Changes made to database objects are bin-logged. This is similar to how MySQL does it for replication with its Source-Replica ecosystem, except that a packet of changes from a given transaction is created and named as a write-set.
Once the client/user issues a COMMIT
,
Percona XtraDB Cluster will run a commit hook.
Commit hooks ensure the following:
-
Flush the binary logs.
-
Check if the transaction needs replication (not needed for read-only transactions like
SELECT
). -
If a transaction needs replication, then it invokes a pre-commit hook in the Galera ecosystem. During this pre-commit hook, a write-set is written in the group channel by a replicate operation. All nodes (including the one that executed the transaction) subscribe to this group-channel and read the write-set.
-
gcs_recv_thread
is the first to receive the packet, which is then processed through different action handlers. -
Each packet read from the group-channel is assigned an
id
, which is a locally maintained counter by each node in sync with the group. When any new node joins the group/cluster, a seed-id for it is initialized to the current active id from group/cluster.
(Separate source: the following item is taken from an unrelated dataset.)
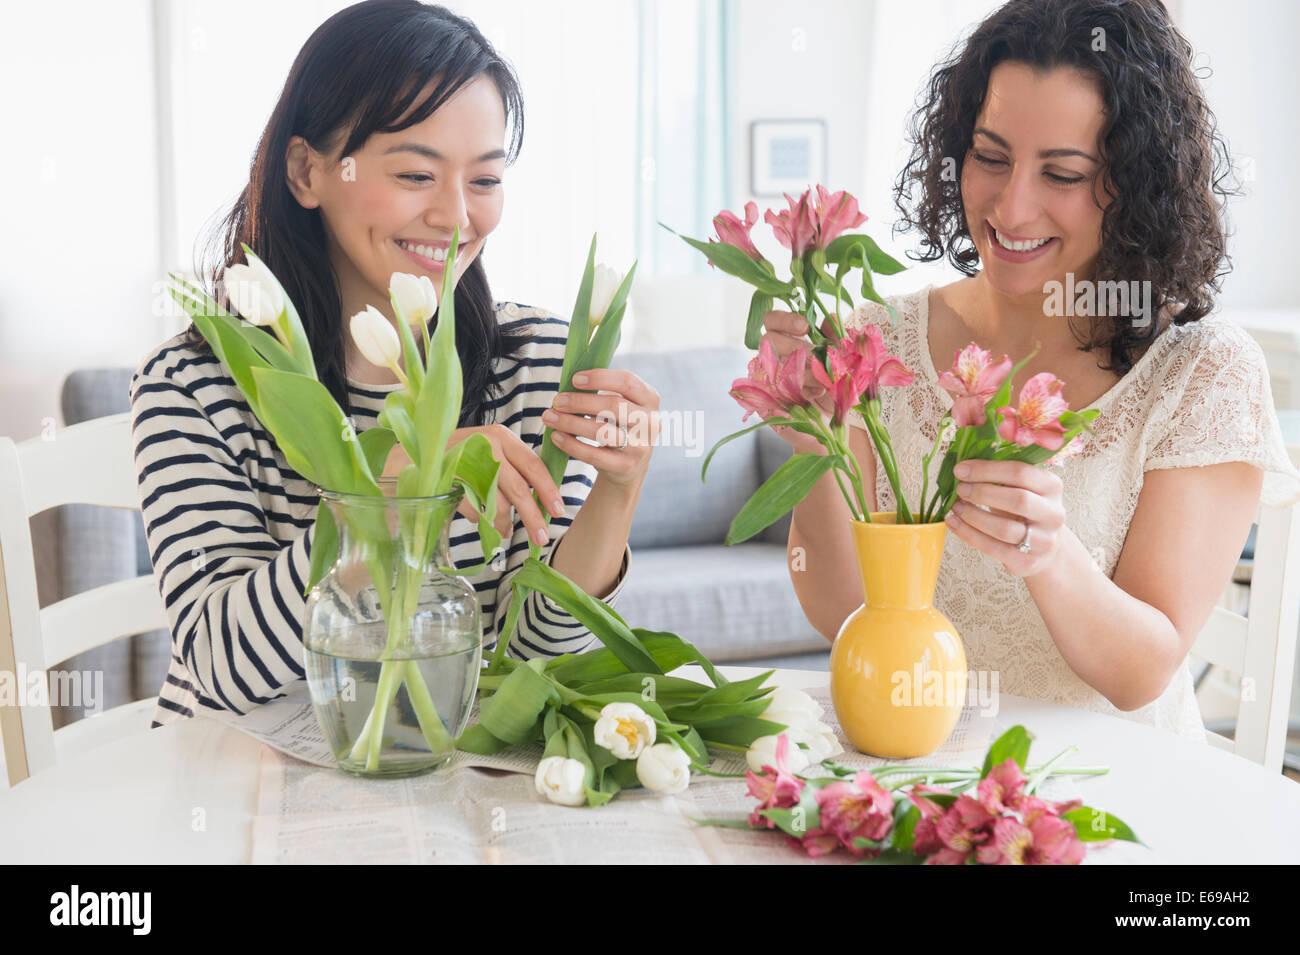 Women arranging flowers together Stock Photo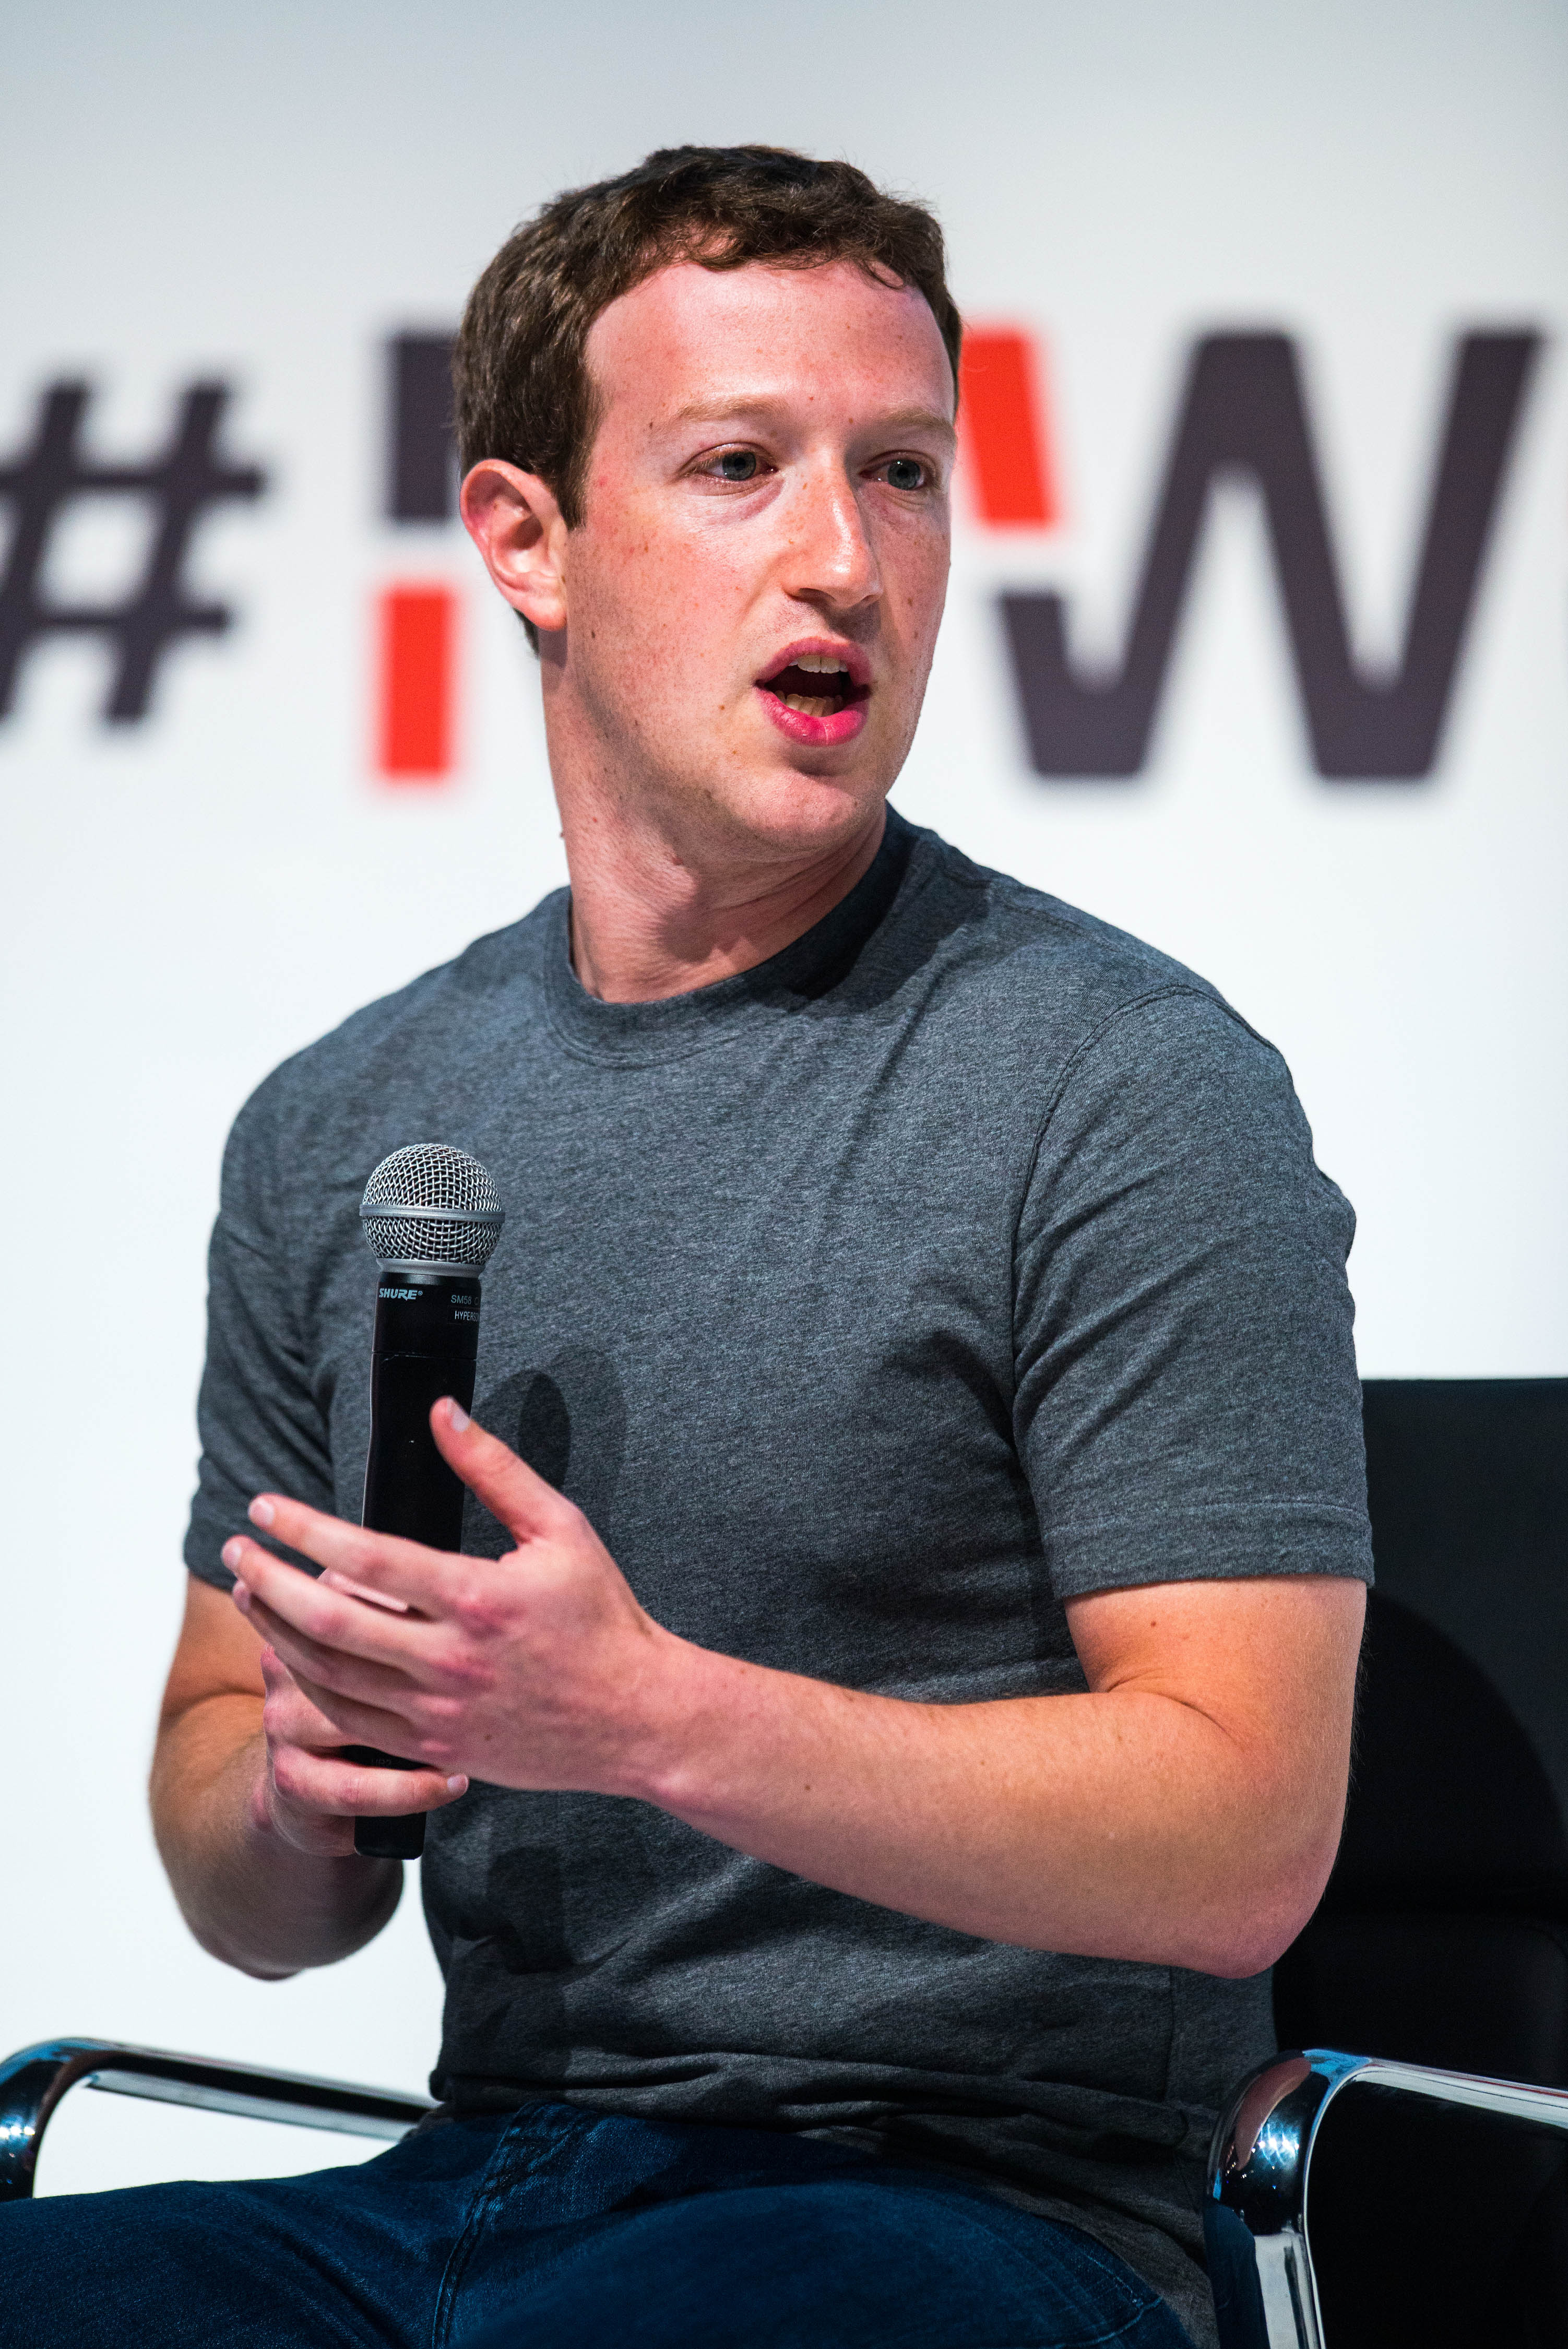 Mark Zuckerberg’s Net Worth 5 Fast Facts You Need to Know

There is an inherent assumption/protocol enforcement
that all nodes read the packet from a channel in the same order,
and that way even though each packet doesn’t carry id
information,
it is inherently established using the locally maintained id
value.
Common Situation¶
The following example shows what happens in a common situation.
act_id
is incremented and assigned only for totally ordered actions,
and only in primary state (skip messages while in state exchange).
rcvd->id = ++group->act_id_;
Note
This is an amazing way to solve the problem of the id coordination in multi-source systems. Otherwise a node will have to first get an id from central system or through a separate agreed protocol, and then use it for the packet, thereby doubling the round-trip time.
Conflicts¶
The following happens if two nodes get ready with their packet at same time:
-
Both nodes will be allowed to put the packet on the channel. That means the channel will see packets from different nodes queued one behind another.
-
The following example shows what happens if two nodes modify same set of rows. Nodes are in sync until this point:
create -> insert (1,2,3,4)
-
Node 1:
update i = i + 10;
-
Node 2:
update i = i + 100;
Let’s associate transaction ID (
trx-id
) for an update transaction that is executed on Node 1 and Node 2 in parallel. Although the real algorithm is more involved (withuuid
+seqno
), it is conceptually the same, so we are usingtrx_id
.-
Node 1:
update action: trx-id=n1x
-
Node 2:
update action: trx-id=n2x
Both node packets are added to the channel, but the transactions are conflicting. The protocol says: FIRST WRITE WINS.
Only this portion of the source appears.